Kokkallur is a village in Kozhikode district of Kerala, India and located in the outskirts of Balussery town. It is also a ward in Balussery Panchyat. People of this area earns their lives by farming. A higher secondary school, village office, Gramin Bank, and telephone exchange are the main government establishments. When India was under British power, Kachery of British Police was situated near by area. This Kachery was burnt by freedom fighters in freedom struggle movement. This place is now known as Kachery kunnu.

==Art forms==
Theyyam or Thira is main traditional art form. Theyyam is performed in connection with the Festival of Temples.
Vechilott Thalachillon temple is very famous in Thira festival. Every year on Meenam 18,19 the Temple festival is celebrated here. Vechilott is an ancient nair tharavadu. This nair family conducts the celebration with the help of people in and around.

==Balikkala==

Balikkala is a ritualistic art form Kozhikode District, especially in Koyilandy Taluk. So many Balikkala artists had lived in Kokkallur area once. As the name indicates, it is related with fertility, or rather it is a sorcery for protecting pregnancy. It was performed long ago when the people were not much aware of modern medicine. This traditional art form was performed mainly either for caring the pregnancy period or to drive out evil from a possessed girl.

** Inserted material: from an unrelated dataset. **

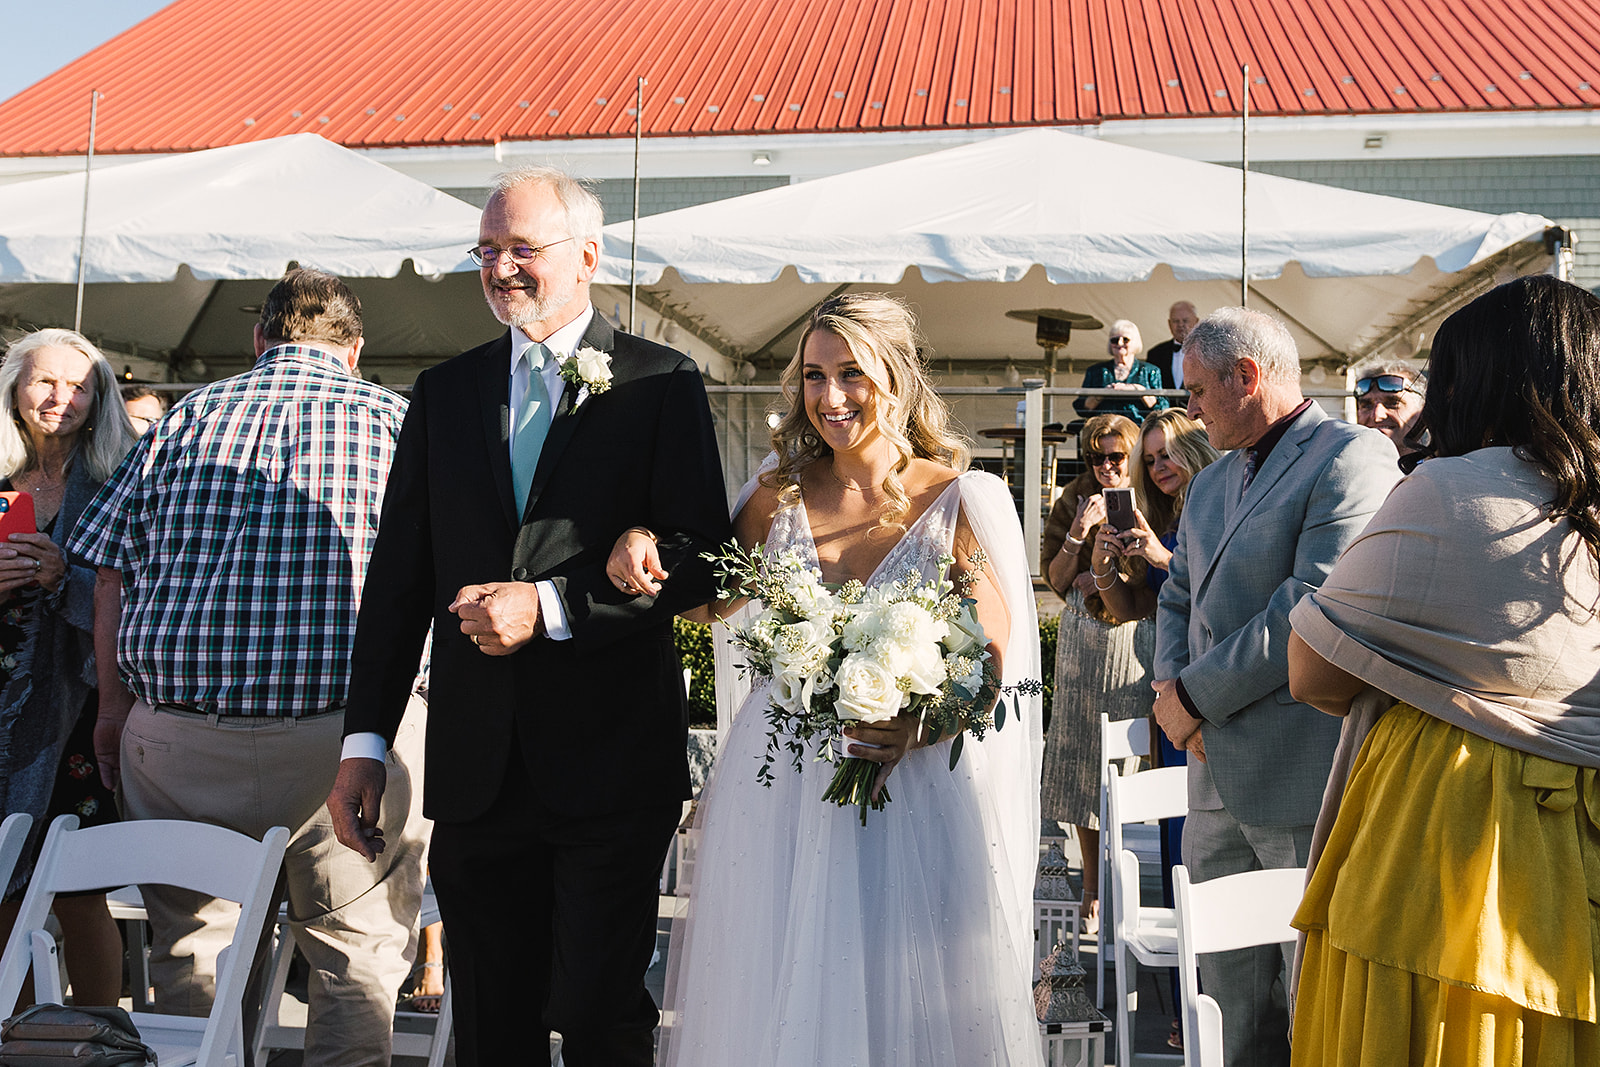 Riverwinds farm and estate Saco Maine Wedding ceremony

It takes place at the residence of Piniyal (the possessed). Before the Balikkala is started the main performer, who is also a Sorcerer will make an artificial Kavu (a divine garden) with five type of herbs in the courtyard. Then a kalam (a floor decorated with figures of deities) is created by him and his assistants with five coloured herbal powders. The possessed girl is seated in the left side of kalam and the singers, especially female singers begin to work accompanying by musical instruments such as arippara and chenda. The five embodiments such as Gandharvan, Bhairavan, Kuttichathan, Chamundi and Bhadrakali are eulogised in the song. This performance will start in the evening and will continue till the next day early in the morning. When the song is at its climax the possessed lady will be in a frenzy and her body trembles. She becomes unconscious and the song and music is stopped then.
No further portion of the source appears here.